#### [Recorded information]
########################################

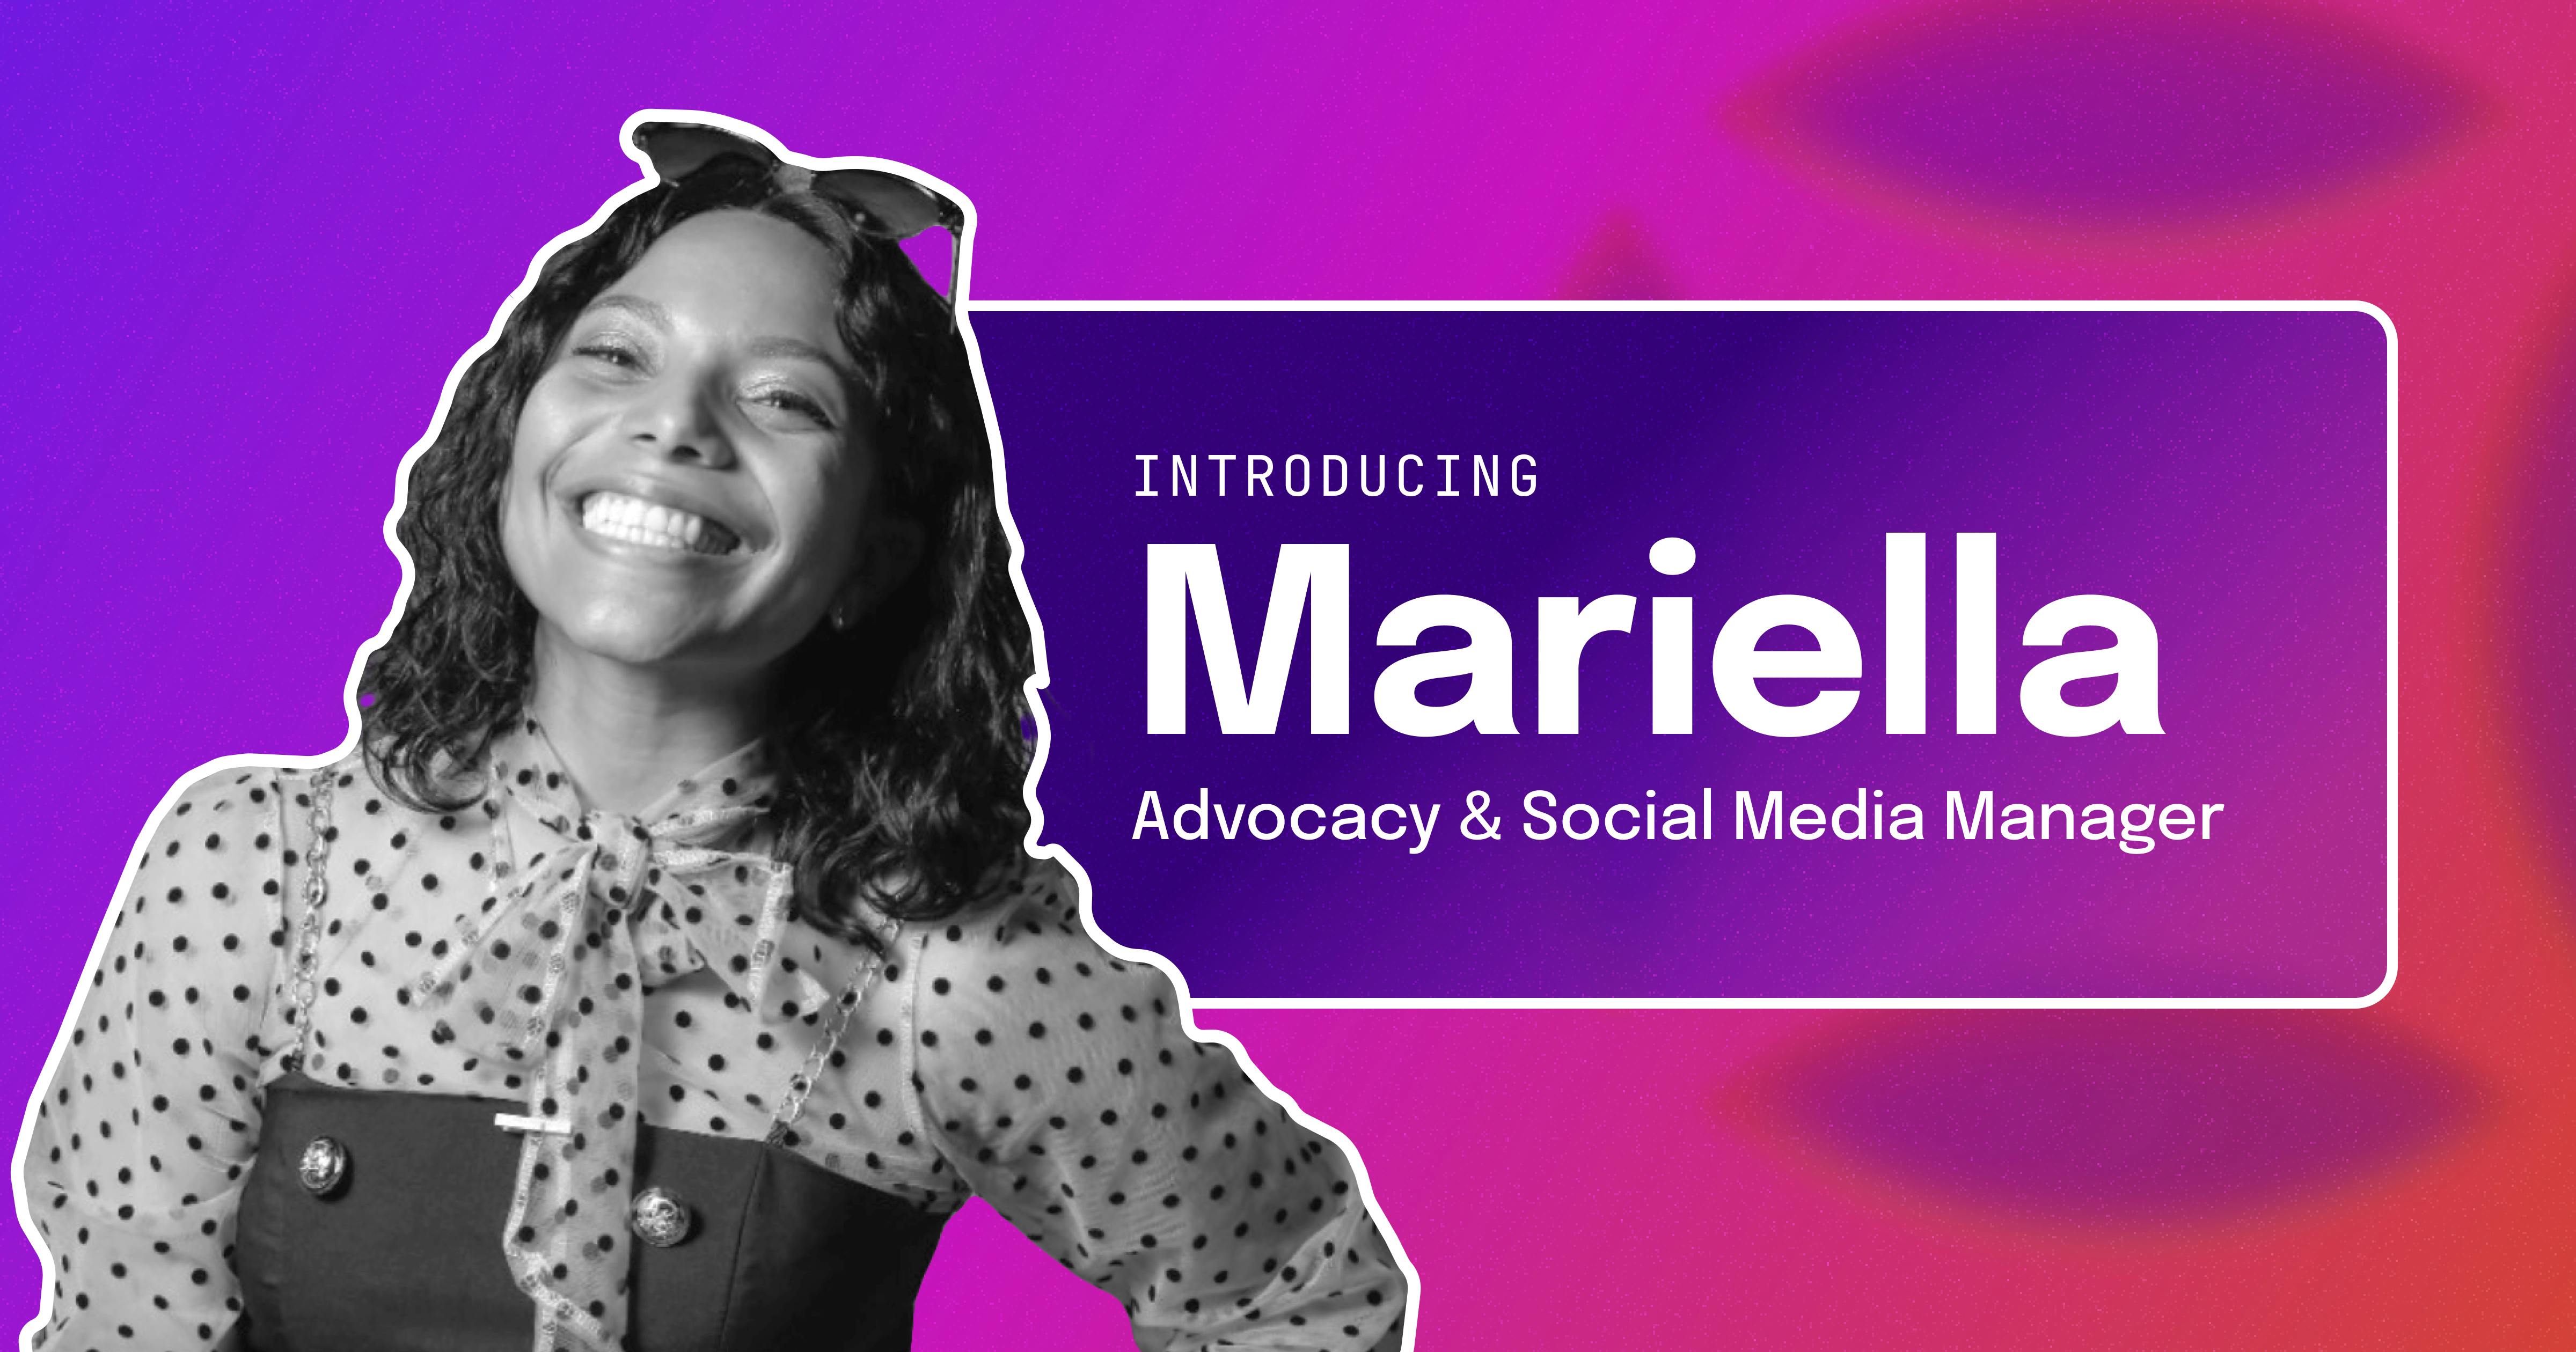 Mariella smiles at the camera, with a caption that reads "Introducing Mariella, Advocacy & Social Media Manager."
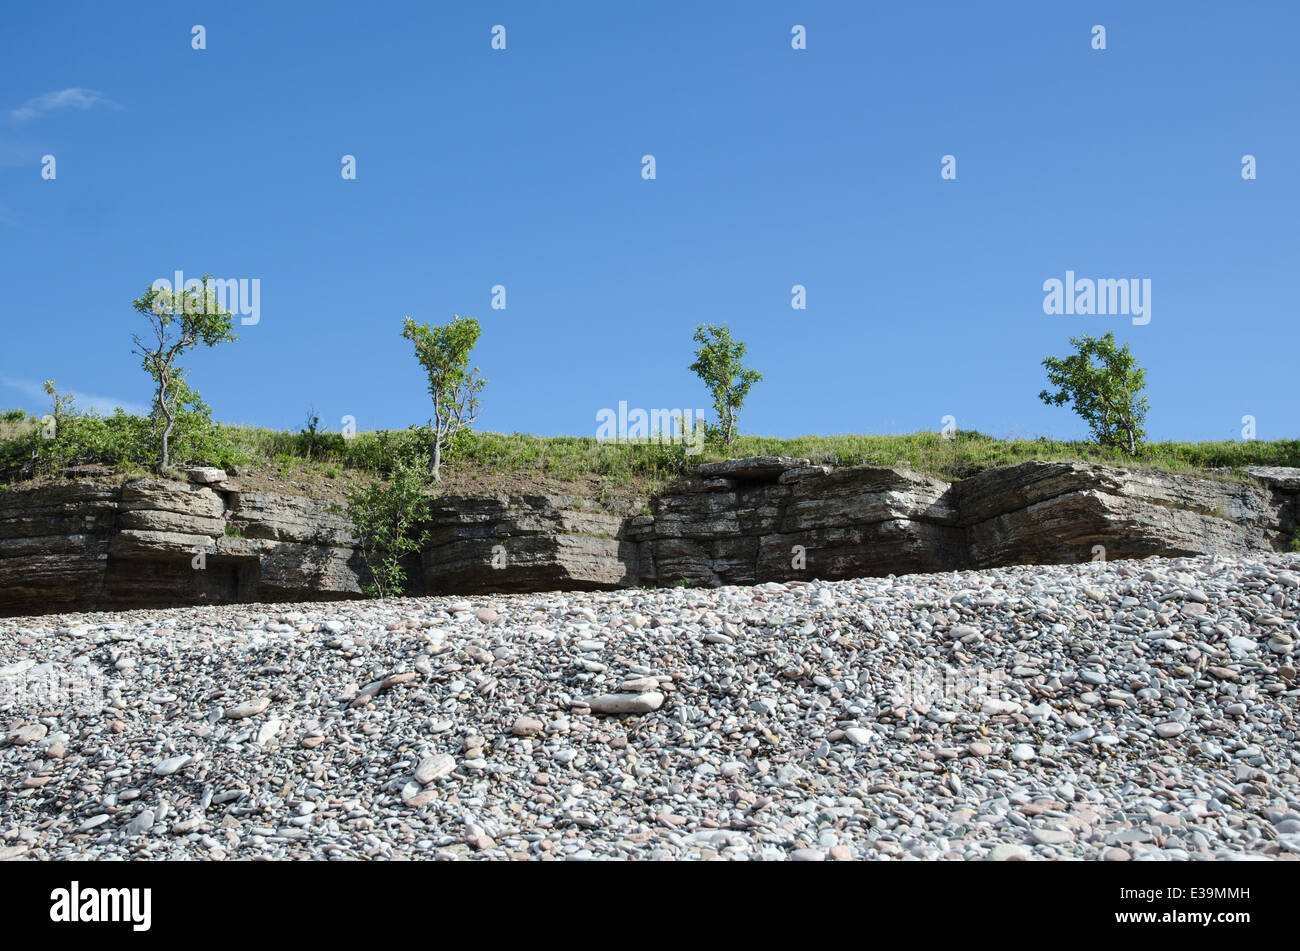 Trees at the frontline of cliffs by a coast with pebbles at the swedish island Oland Stock Photo
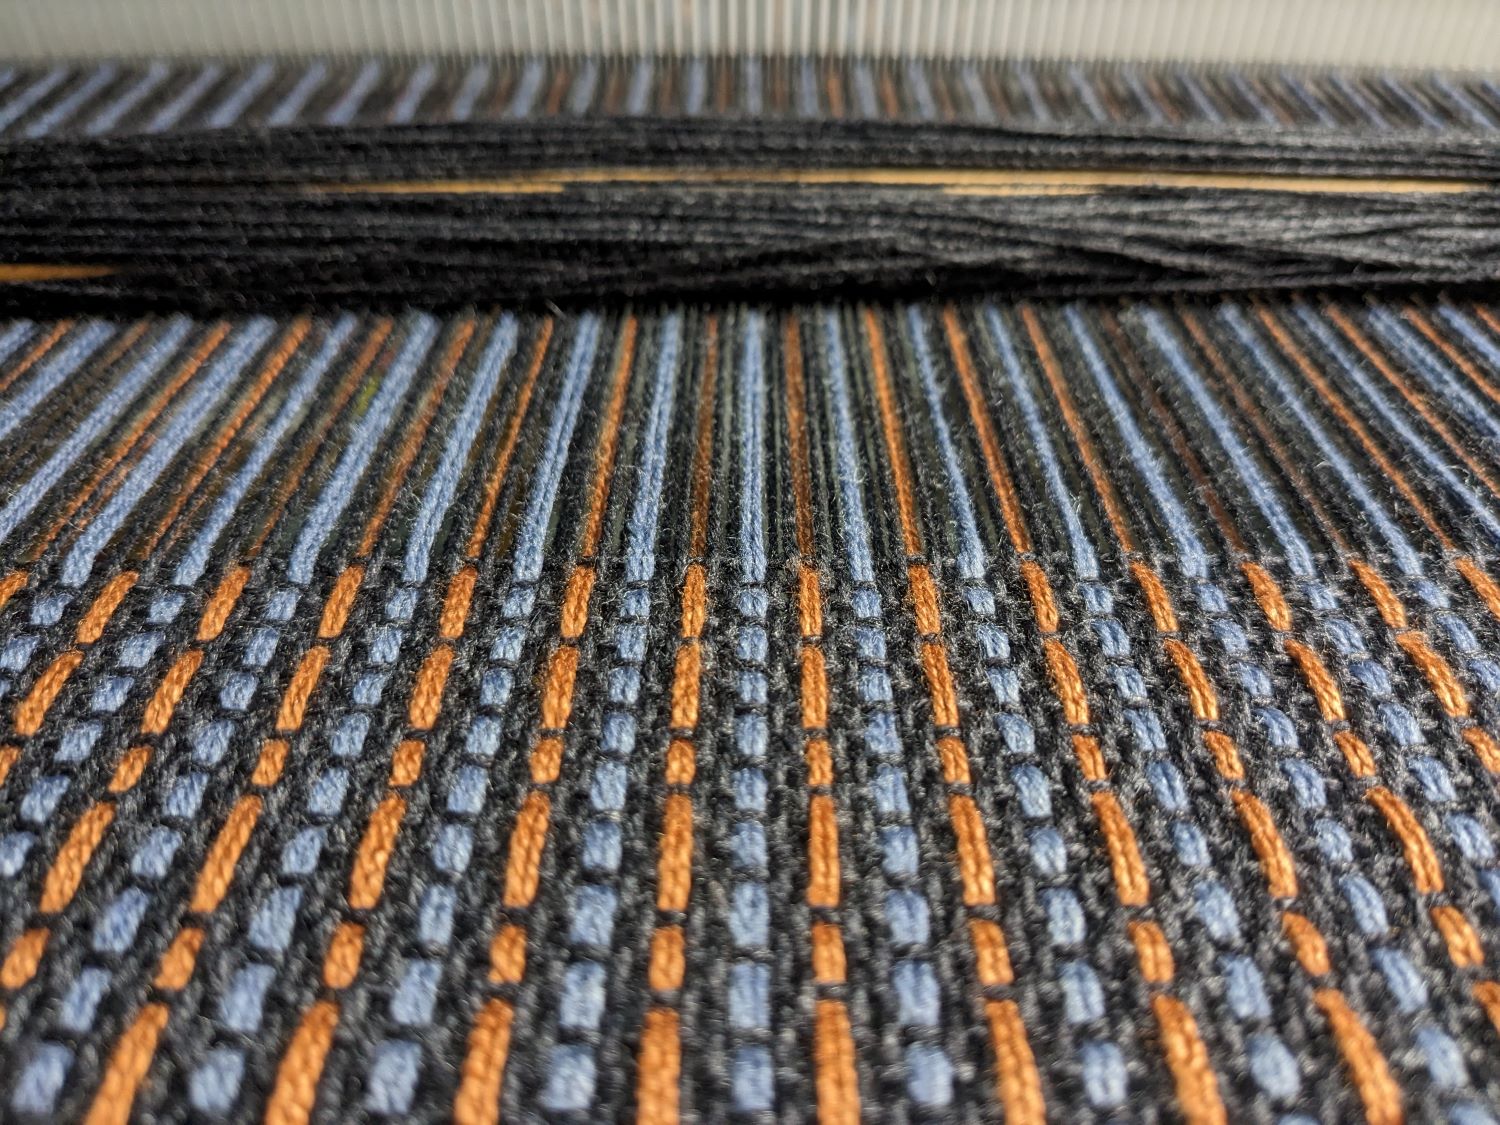 A photo of the design on the loom

########################################

#### [What is expected]
Please reproduce the data above word for word, skipping all images.

#### [Exercise result]
 Mariella smiles at the camera, with a caption that reads "Introducing Mariella, Advocacy & Social Media Manager."
 Trees at the frontline of cliffs by a coast with pebbles at the swedish island Oland Stock Photo
 A photo of the design on the loom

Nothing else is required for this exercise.